If you’re feeling that this dialogue isn’t popping, the reasons might be more basic. There isn’t any conflict here. Since drama is conflict, the exchange feels a bit flat (undramatic). Conflict doesn’t have to be big, it can be subtle. Really it just means divergent goals. Character 1 wants A, character 2 wants B. If they both can’t get what they want, you have a conflict. Since screenwriting is my thing, I tend to look for conflict in dialogue. Tom wants to convey his thoughts about possession. Adele and Anny want to listen. Everyone’s desires are served, thus no conflict. What if Adele was interested in listening, but Anny wasn’t. Maybe she just wants to relax and so resists the serious tone the conversation is taking. Now you have a compound conversation driven by conflict.

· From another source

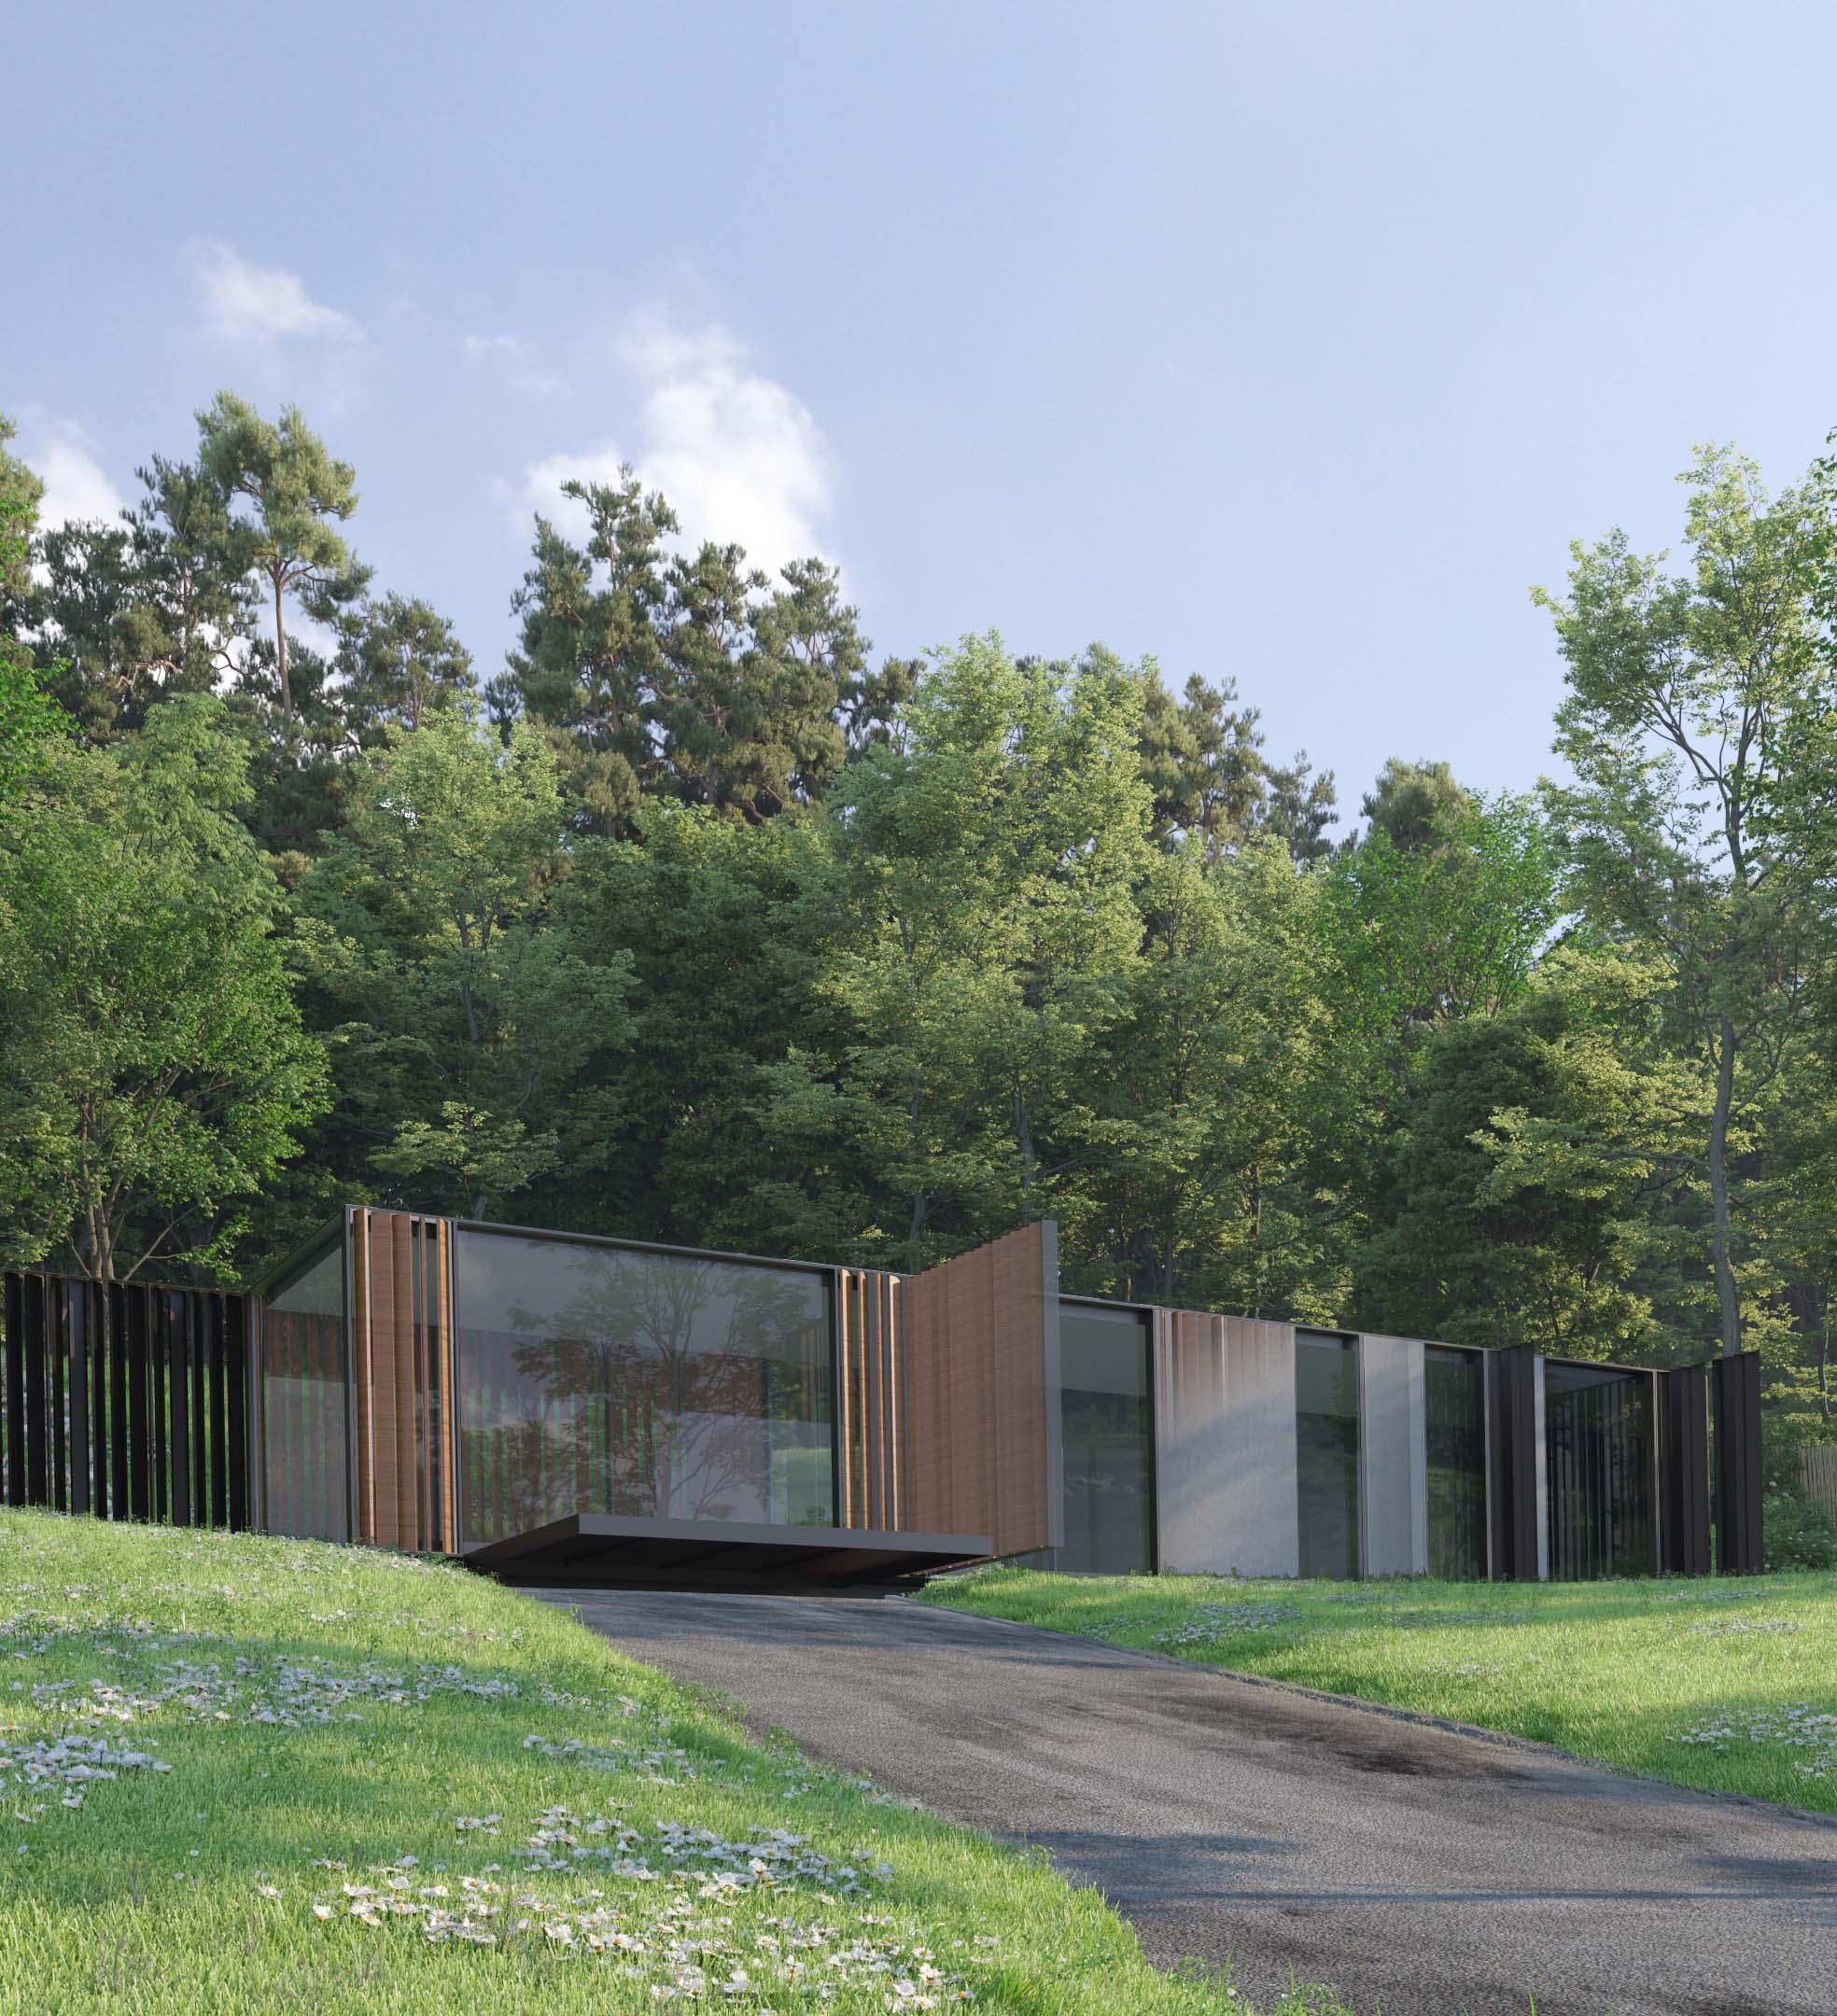 Modela tu edificio de arquitectura modular inteligente.

Finally there is subtext. Maybe I have too small a piece of your story to tell, but I detect no subtext. This is what screenwriters call ‘on the nose’ writing, which means that what your characters are talking about is all they’re talking about - there’s nothing below the surface with a different or deeper meaning. Only for reasons of making the point, imagine this. Anny loves Tom, she doesn’t want to hear him waxing about nothing belonging to anyone, because she interprets it as his unwillingness to commit to anybody romantically. Thus the comments she feeds into the conversation suggest this other take and further drive the conflict. I know I’m speculating a lot, but it’s tough to interpret small pieces of narrative.